3. The Data Studio computer program has been set up to have a 30 second delay before data is
collected and stored. This is designed to minimize effects due to a wobble introduced when
the pendulum is released. Very gently release the pendulum from the chosen release
position, then start the Data Studio data collection for the run. The computer program has
been set up to collect timing data for 240 seconds. This should allow more than 110
periods to be observed.
4. Move the bob to the next position and repeat step 3. Do this for 12 positions.
5. Invert the pendulum and repeat steps 3 and 4.
Analysis
1. Export the timing data to text files as instructed.
2. Load the data into an Excel spreadsheet to determine each period throughout a given run.
3. Calculate the average period and its standard deviation for each run.
4. Each student should independently plot the period versus bob position for each orientation
of the pendulum.
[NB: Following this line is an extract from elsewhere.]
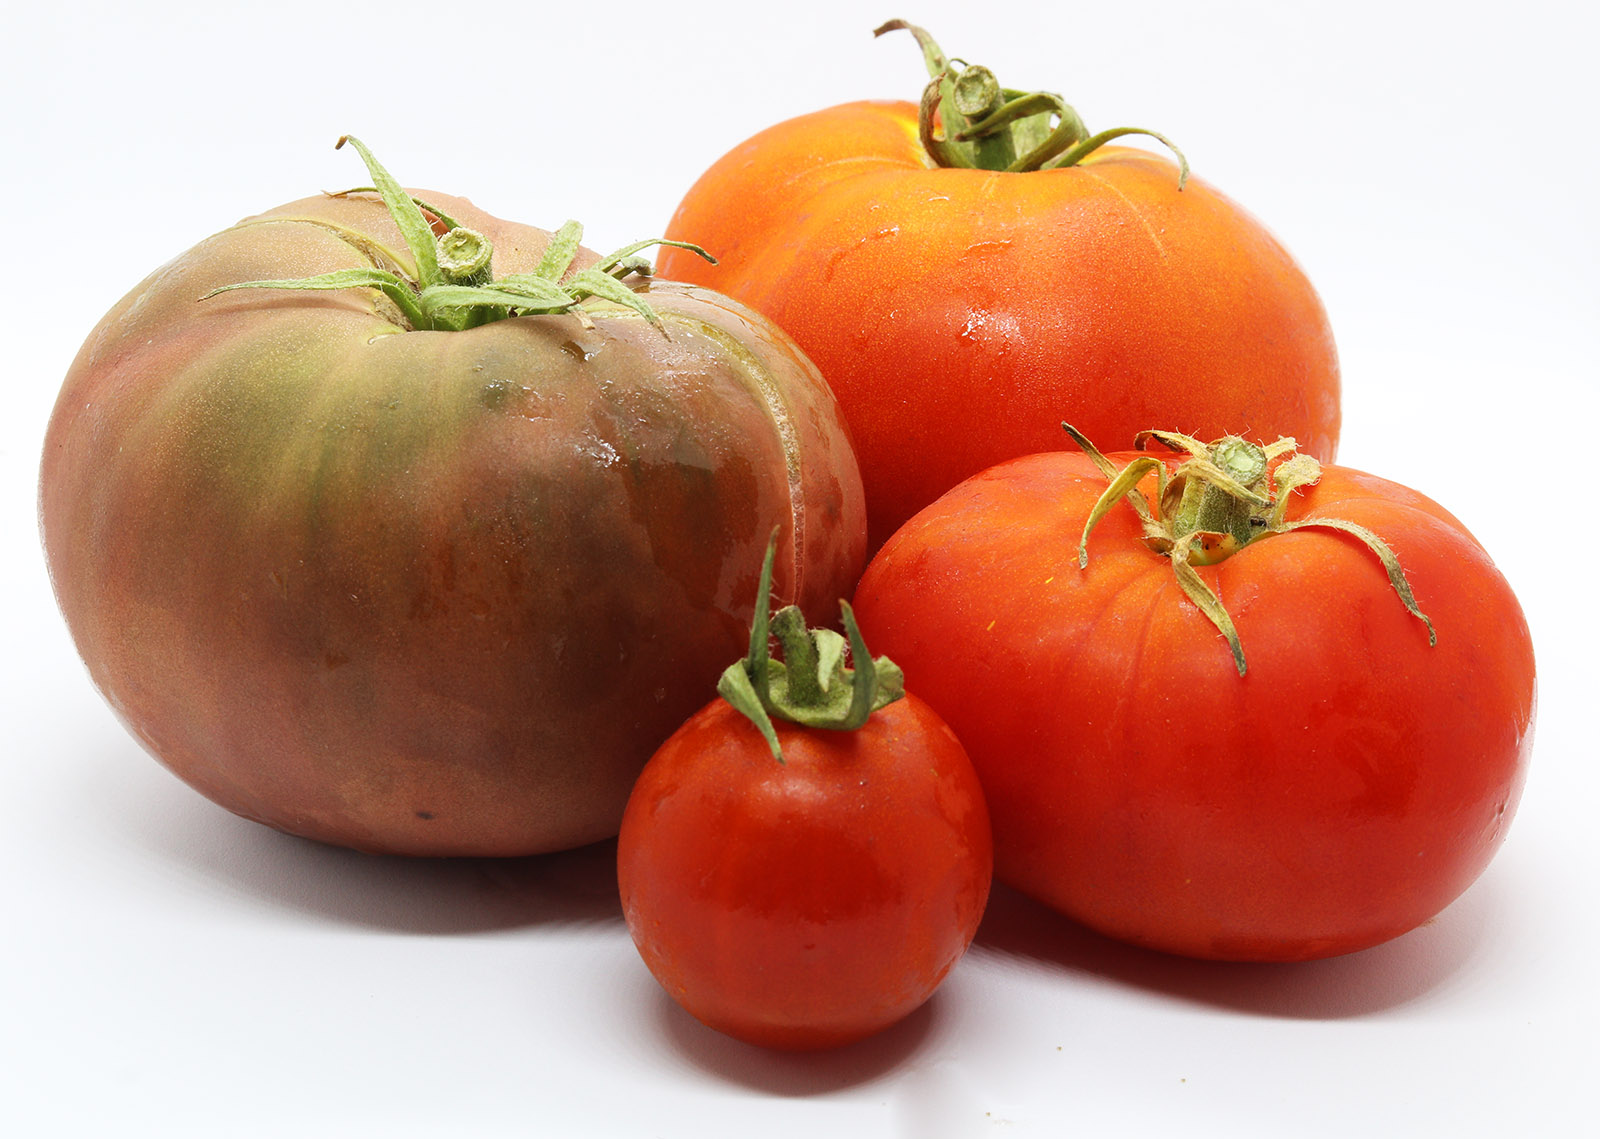 Tomatoes 3 s.jpg

Do a least squares linear fit for each of the two orientations. Write down
the equation for the line using the precision of our measurement on the graph. Using the
two equations determined in this manner, find the intersection of the two lines. This is the
equal period point. It is this value of the period that goes into our calculation for g.
5. Calculate g along with a value of the fractional uncertainty σ g /g determined through error
propagation analysis as discussed in class.
6. Explain and illustrate the differences between a simple pendulum and the Kater pendulum,
in terms of their construction and equations of motion.
7. Did your results achieve the precision we set out to achieve? How can you tell? If not,
why not?
One way to earn additional credit is to devise additional ways to analyze the data to gain some
additional information about this experiment.